Assignee: bienvenu → davidmc
I suppose I should add another mode to Mork assertions, so that for folks not 
developing Mork code, the first one will cause a fatal error for the Mork db, 
which signals a soft error to the db users letting them know the db is no good.
Actually something like this should already be happening, so maybe I have  loop 
somewhere in parsing where I don't check the outstanding error status.
Has this ever happened again after the first observation?

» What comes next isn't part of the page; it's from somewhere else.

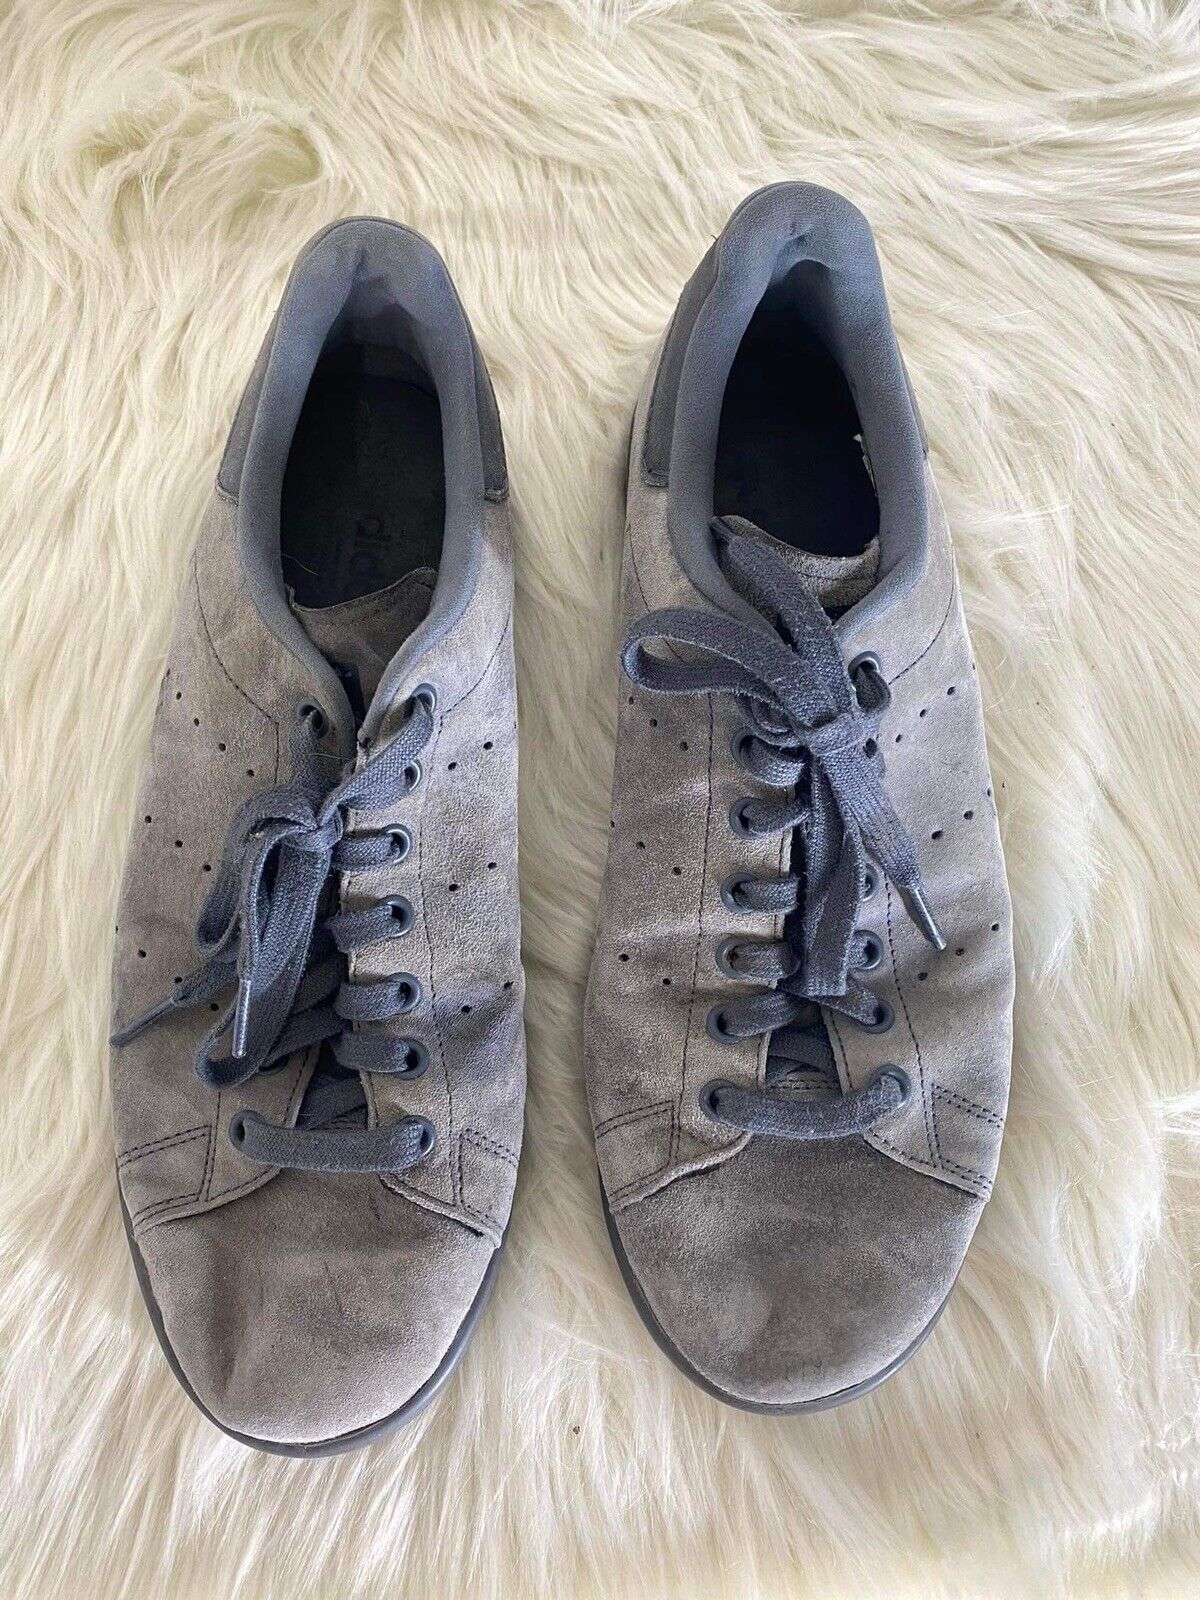 Adidas Stan Smith Grey Sneaker Shoes | eBay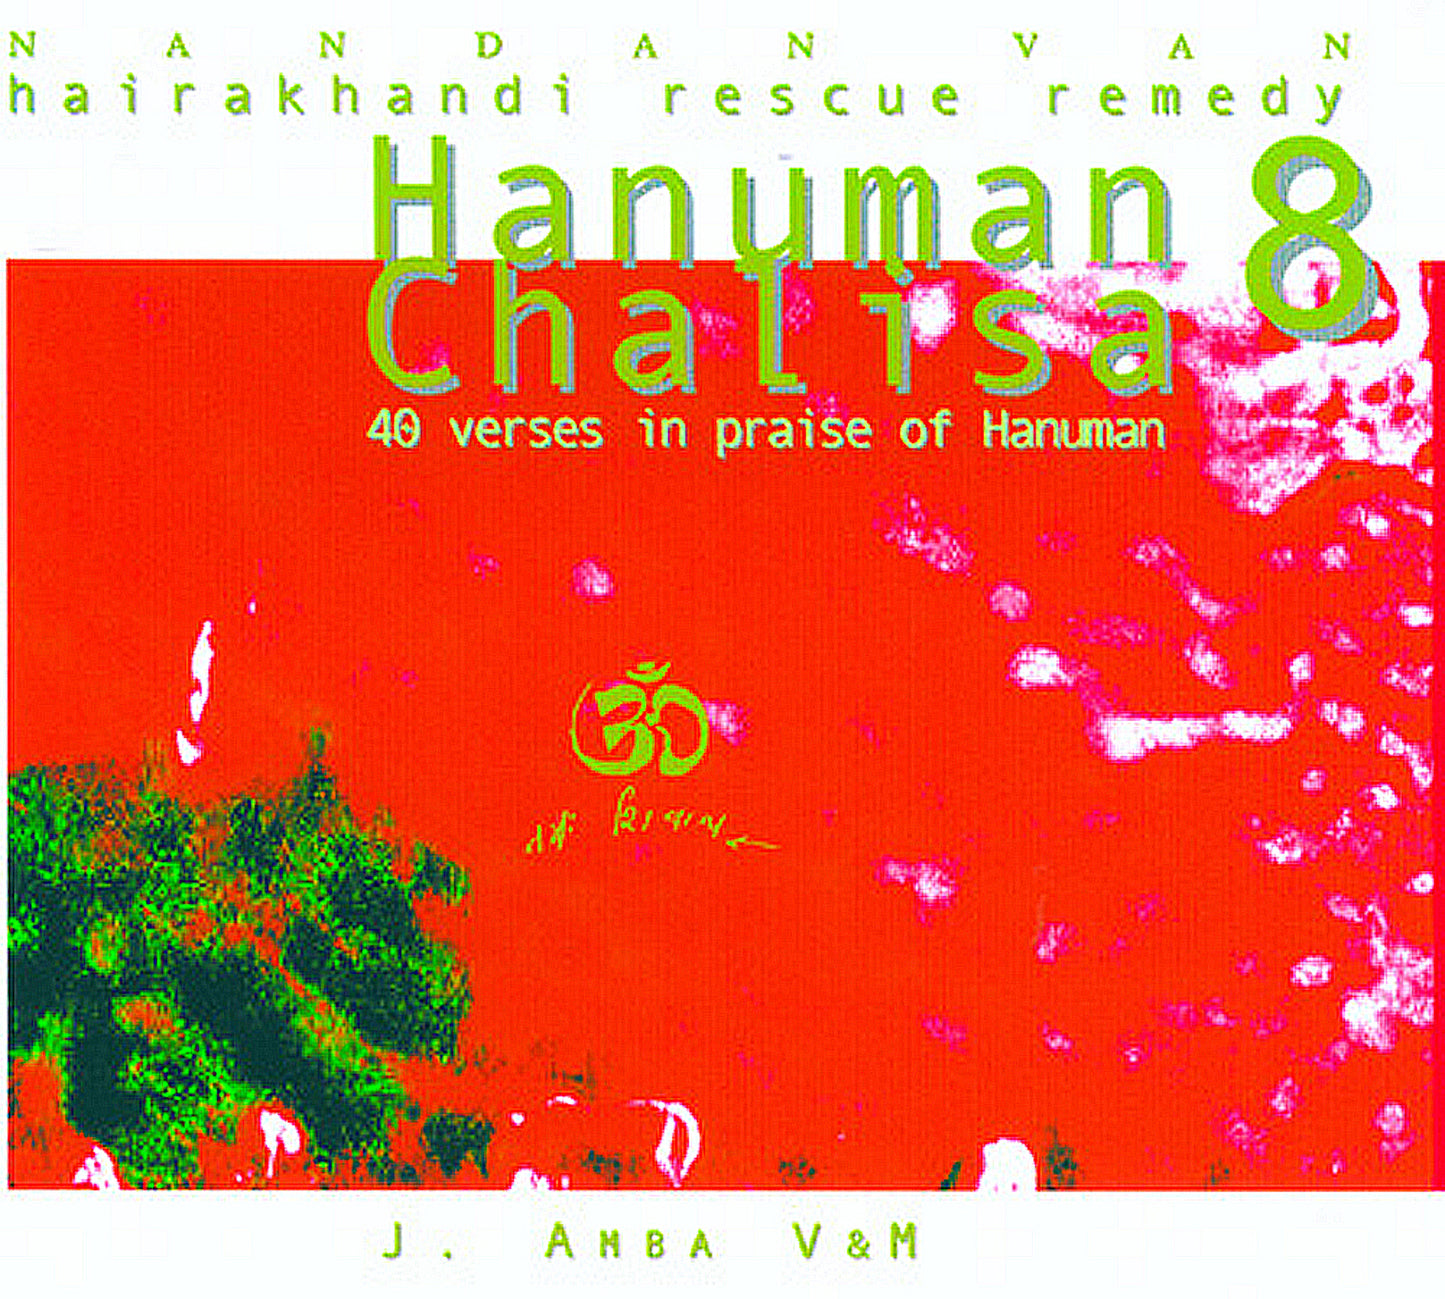 Hanuman Chalisa, 40 Verses in praise of Hanuman, Bhajans - Sanatan Dharma Spirituality Music Therapy for Meditation

I looked at the code, but the parser always seems to stop after the first error, 
because the loops check for ev->Good(), which stays false after an error.  So 
maybe a continual sequence of assertions might be once for every mork file, for
some reason that's a bit hard to imagine.
When I study the stack crawl more, I see this is happening when opening a history 
db in response to a shut down listener notification.  Is that right?  Why would 
that happen?  Anyway, that seems to rule out the multiple mork file idea which 
might apply when opening a bunch of mail/news summaries.

So then a new theory might be -- what if opening the history db fails, but this 
is not accepted by the caller?  What if they try to open the history db again?  
If the history db seems to become corrupt, do we throw it away and start fresh?
It's happening to me with a fresh tree that I just pulled and built this 
morning.  It happens on startup -- before the first screen ever comes up.  
Things were so bad that I had to comment out the Break in nsDebug.cpp in order 
to get any useful work done.
Over lunch, someone suggested that this might have got corrupted because you ran
two builds (e.g., release and debug) against the same profile at the same time.
If so, that could corrupt history files. You could just rename your history file
to get avoid the asserts (but don't delete it in case that could help david
recreate the problem)
Here's something for Chris Waterson: since it's possible for Mork db's to become 
corrupt, is it data loss to throw away an old db?  (By entropic theory and also 
empirical observation, all db's eventually get corrupt, so software needs a plan 
to cope when it happens.)

If history db's hold info important to preserve, then you might want to keep a 
backup copy of the second to last db which looked good.  So if the most recent db 
becomes corrupt, you might fall back on the secondary copy.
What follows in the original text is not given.